The Atlanta Journal-Constitution
Snow, ice blanket Midwest as storm heads toward New England
DETROIT — People throughout the Midwest woke Saturday to a heavy and steady snowfall that forced the cancellation of hundreds of airline flights and made driving dangerous.
More than 460 flights were canceled Saturday morning at Chicago’s O’Hare International Airport in Chicago and about 50 flights at Chicago’s Midway International Airport. A United Airlines plane skidded off a runway at O’Hare on Saturday morning. No injuries were reported.
In the Detroit area, many motorists were moving well below posted speed limits along freeways due to slushy conditions. The snow was part of a wall of hazardous weather that trekked from the Dakotas and across the Great Lakes states, headed toward New England. The storm brought snow, ice, strong winds and deep cold.

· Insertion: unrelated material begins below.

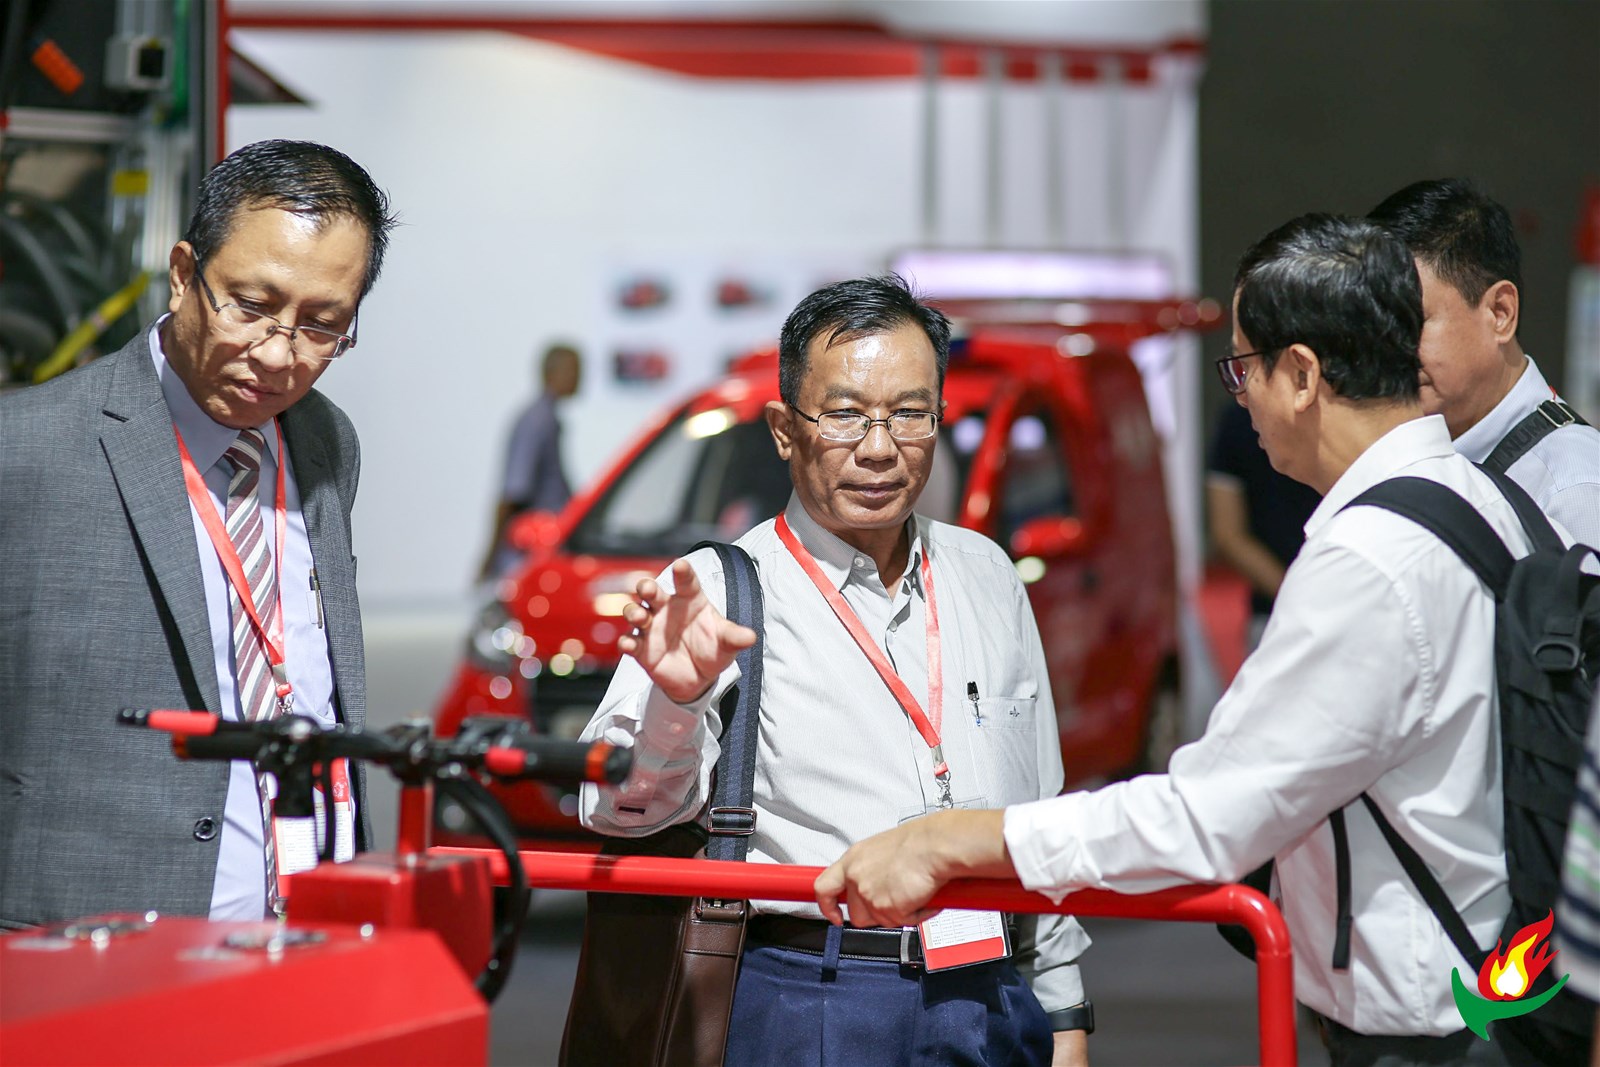 The 9th China Guangzhou International Fire Safety Emergency Equipment Expo CFE 2019

After dumping up to 10 inches of snow on the Midwest, the storm was expected to wallop the Northeast. Vermont, New Hampshire and Maine could see up to 18 inches.

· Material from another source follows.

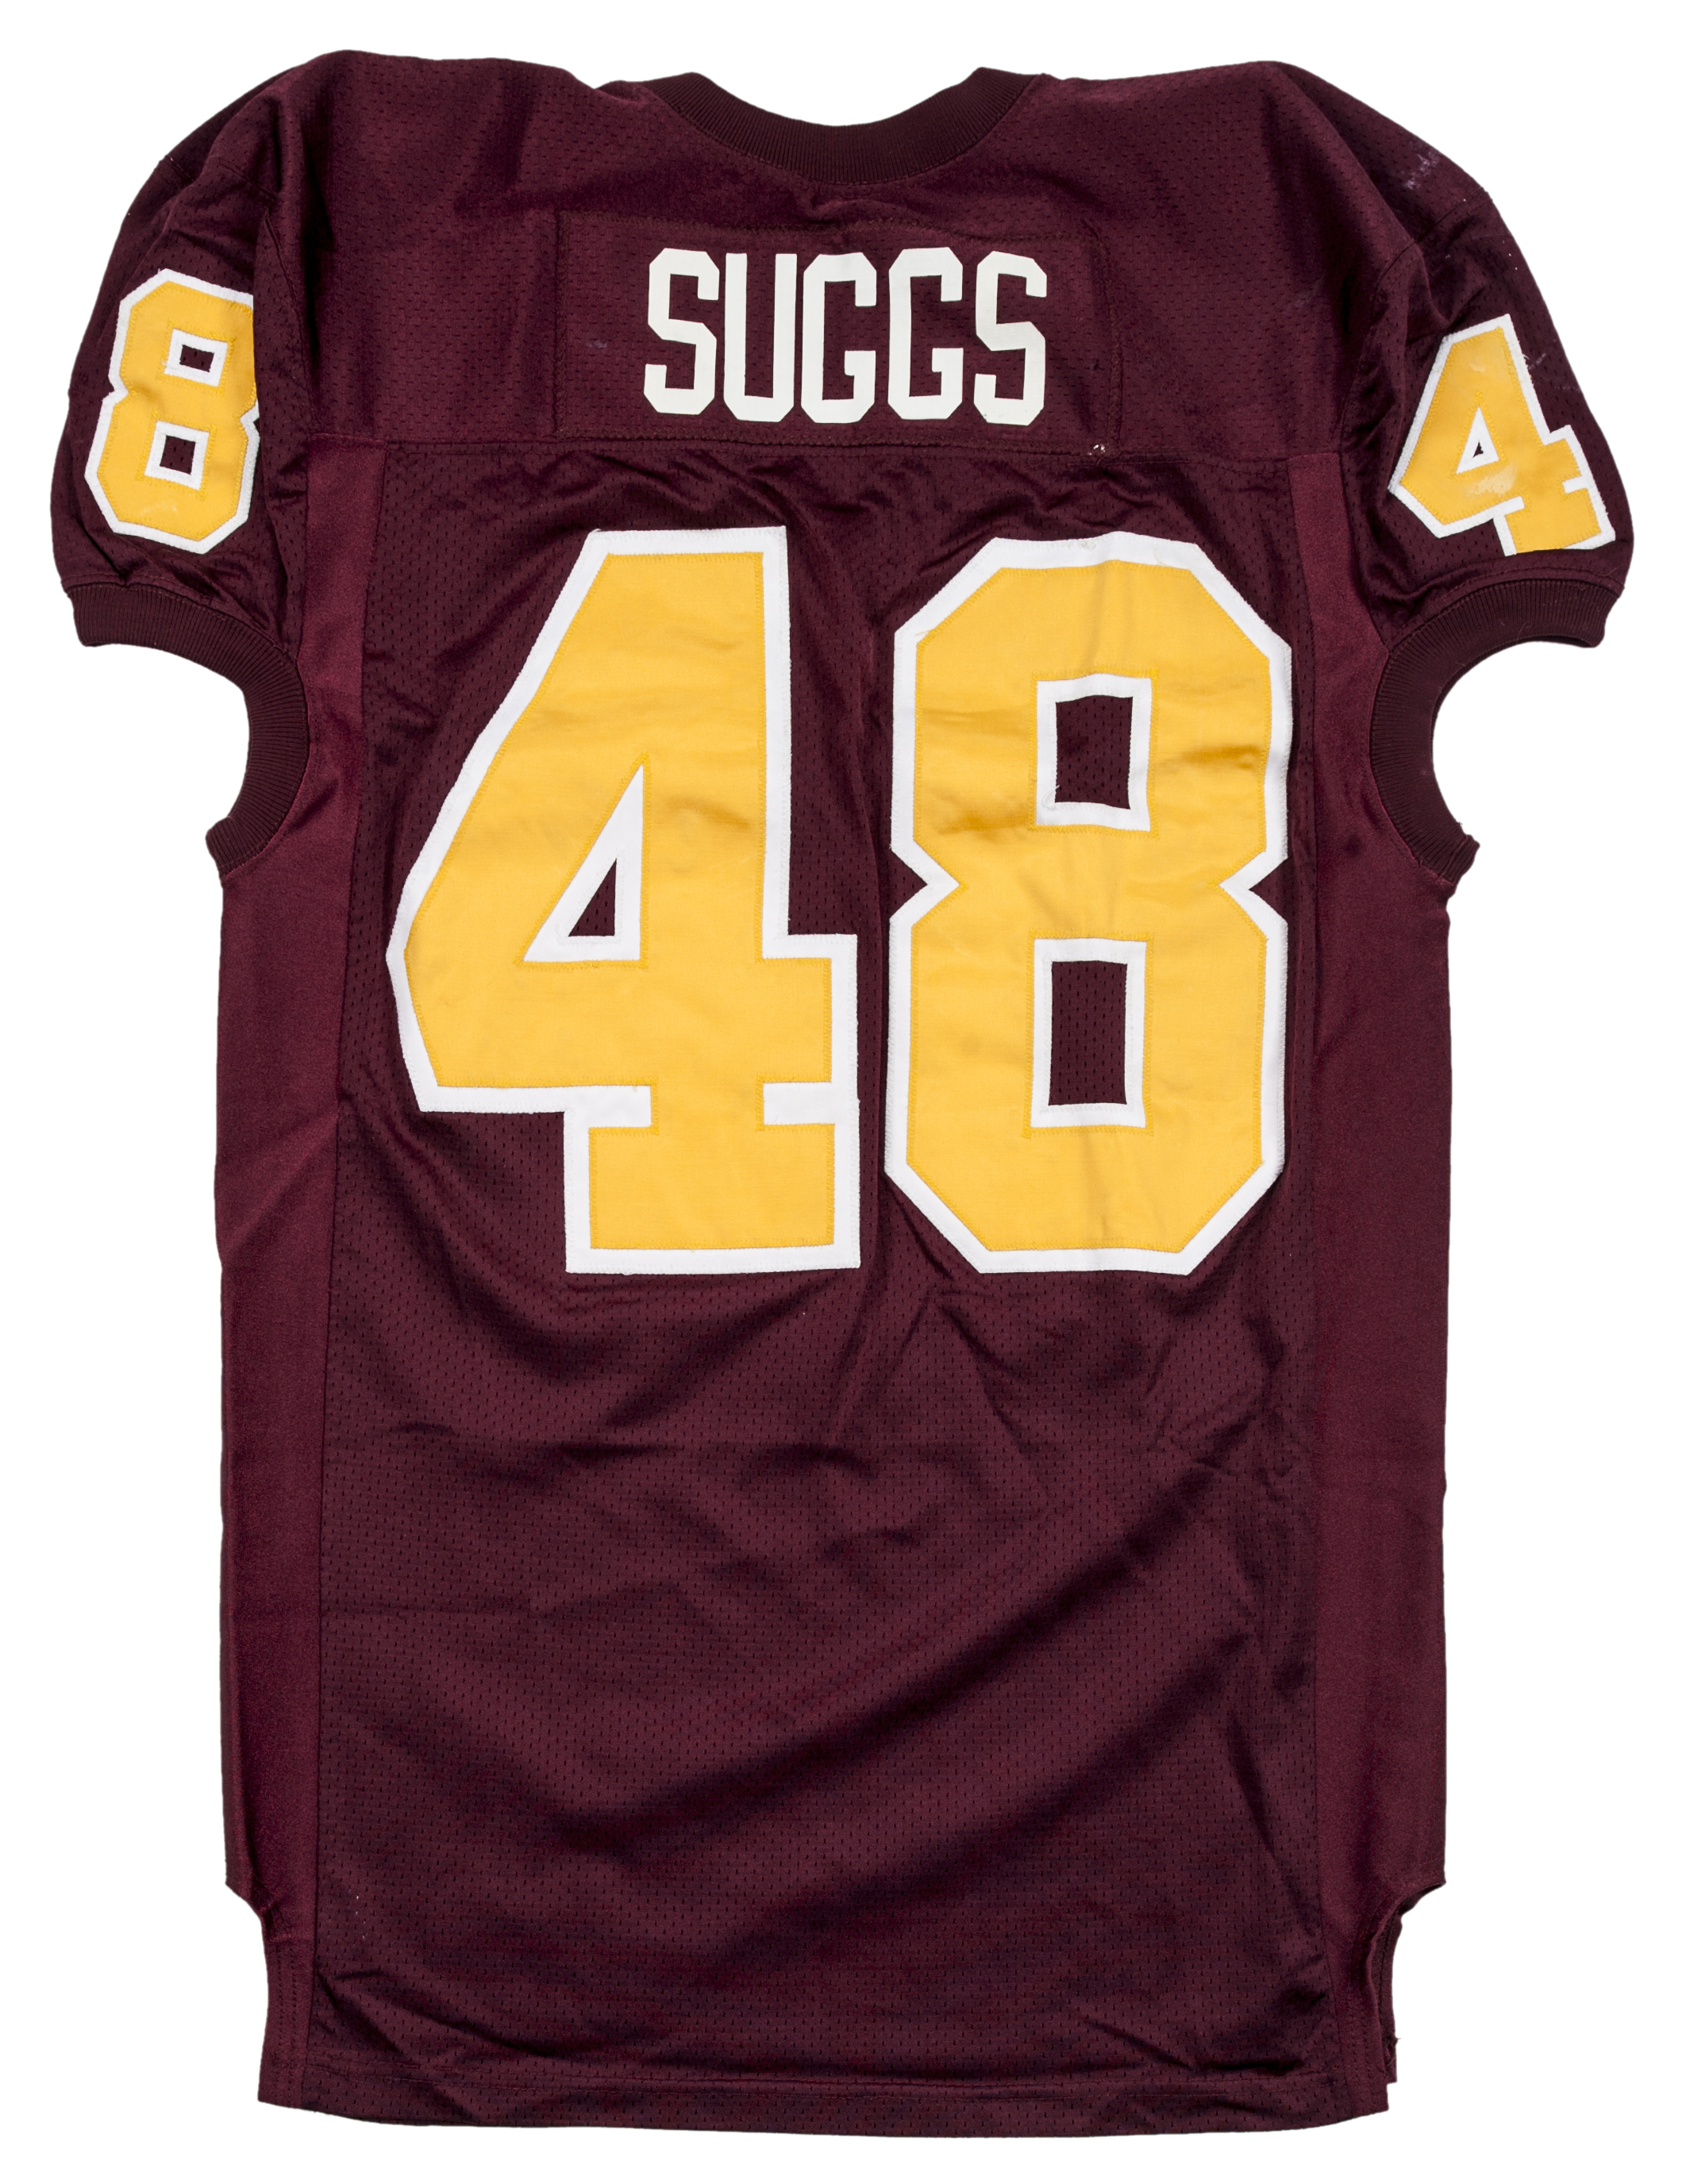 suggs jersey

Amtrak canceled some trains from Chicago to Washington and New York and between New York and Boston and Pennsylvania.
In Nebraska, authorities closed Omaha’s Eppley Airfield Friday after a Southwest Airlines plane slid off an ice-slicked runway. No one was injured. But some Midwesterners weren’t going to let a little winter weather keep them from going outside. In downtown Detroit, Celeste Tremmel was out training for a marathon amid heavy and steady snowfall.
“When you run a marathon, you run no matter the weather,” said Tremmel.